TO-DO: document the original parent checkpoint or initialization source for
Aitana-2B-S-base-IP-1.0.

### Training data

TO-DO: document the training corpora, language distribution, preprocessing steps,
deduplication policy, anonymization steps, and data filtering criteria.

### Training hyperparameters

TO-DO: document the effective batch size, learning rate schedule, optimizer setup,
number of epochs or tokens seen, sequence length used during training, and hardware.

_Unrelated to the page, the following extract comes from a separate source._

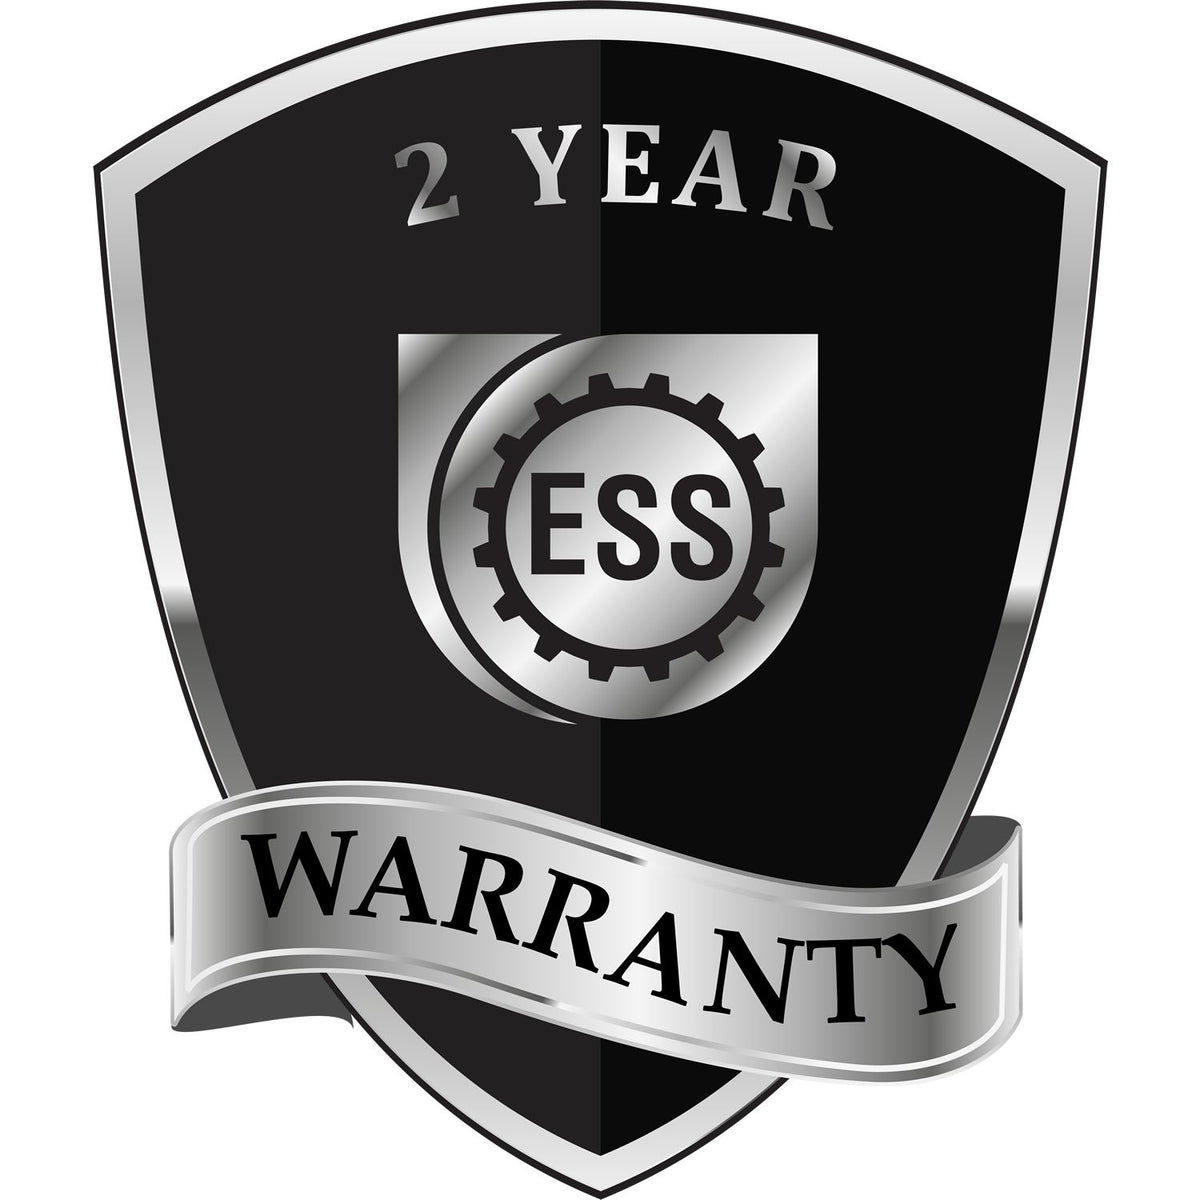 A black and silver badge or emblem showing warranty information for the Gift South Dakota Architect Seal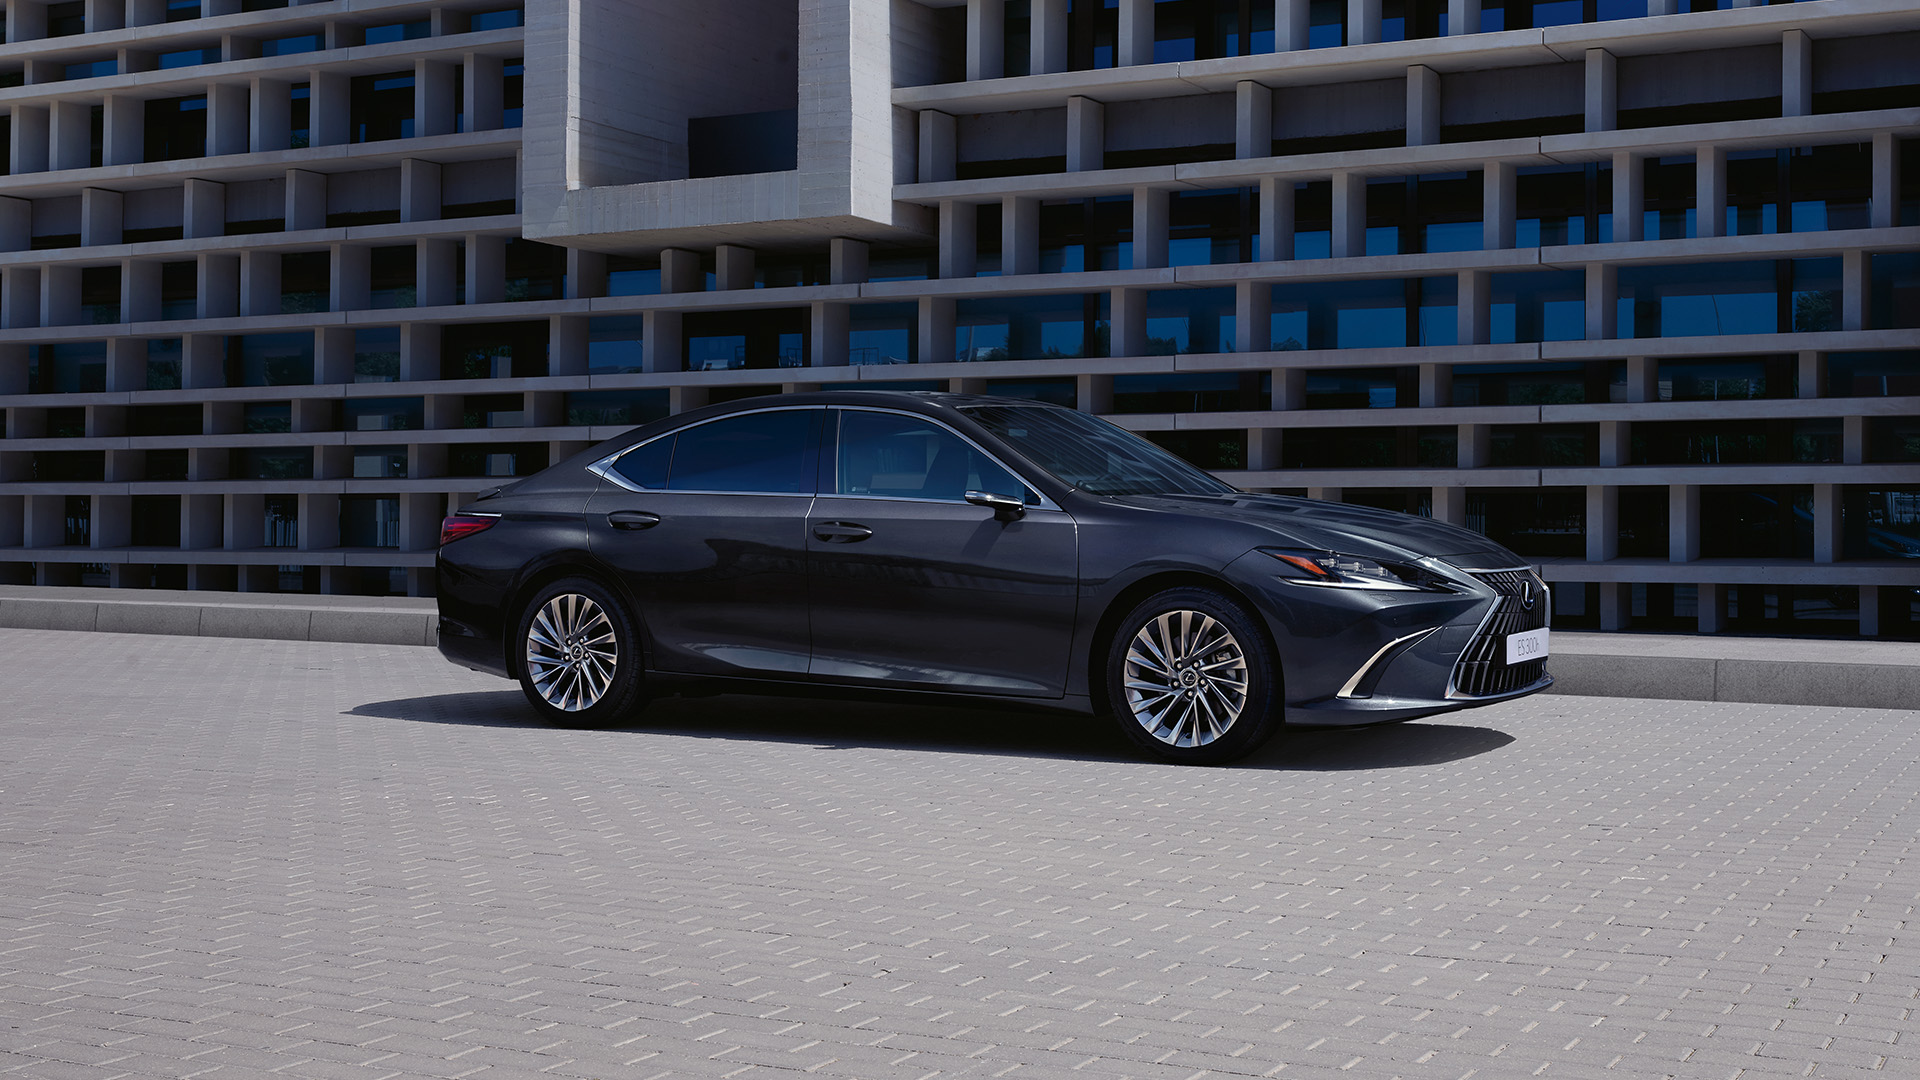 Side view of a Lexus ES parked outside a building

## Technical specifications

### Model architecture and objective

- architecture: decoder-only causal language model
- implementation class: `LlamaForCausalLM`
- hidden size: `2048`
- intermediate size: `5440`
- layers: `24`
- attention heads: `16`
- key/value heads: `16`
- maximum position embeddings: `8192`
- vocabulary size: `256000`
- BOS token id: `1`
- EOS token id: `2`
- PAD token id: `3`

### Tokenizer

The tokenizer files in this repository define:

- BOS token: `<s>`
- EOS token: `</s>`
- PAD token: `<pad>`
- UNK token: `<unk>`

### Hardware and software

The repository is packaged for the Hugging Face `transformers` library.
Specific training hardware and training software details should be documented by the
model authors if they are intended to be part of the public model card.

## Additional information

### Author

TO-DO: confirm the author list and institutional attribution to be displayed in the
public model card.

### Contact

TO-DO: add a contact email or project contact point.

### License

TO-DO: confirm the license for this checkpoint and add it both here and in
`config.json` if desired.

### Funding

TO-DO: add funding information if this checkpoint is part of a funded project.

### Disclaimer

This repository contains a base language model checkpoint. Base models can reflect
biases present in their training data and may generate inaccurate, misleading, or
unsafe content. Anyone deploying this model, or systems built on top of it, is
responsible for evaluating those risks and ensuring compliance with applicable legal,
ethical, and operational requirements.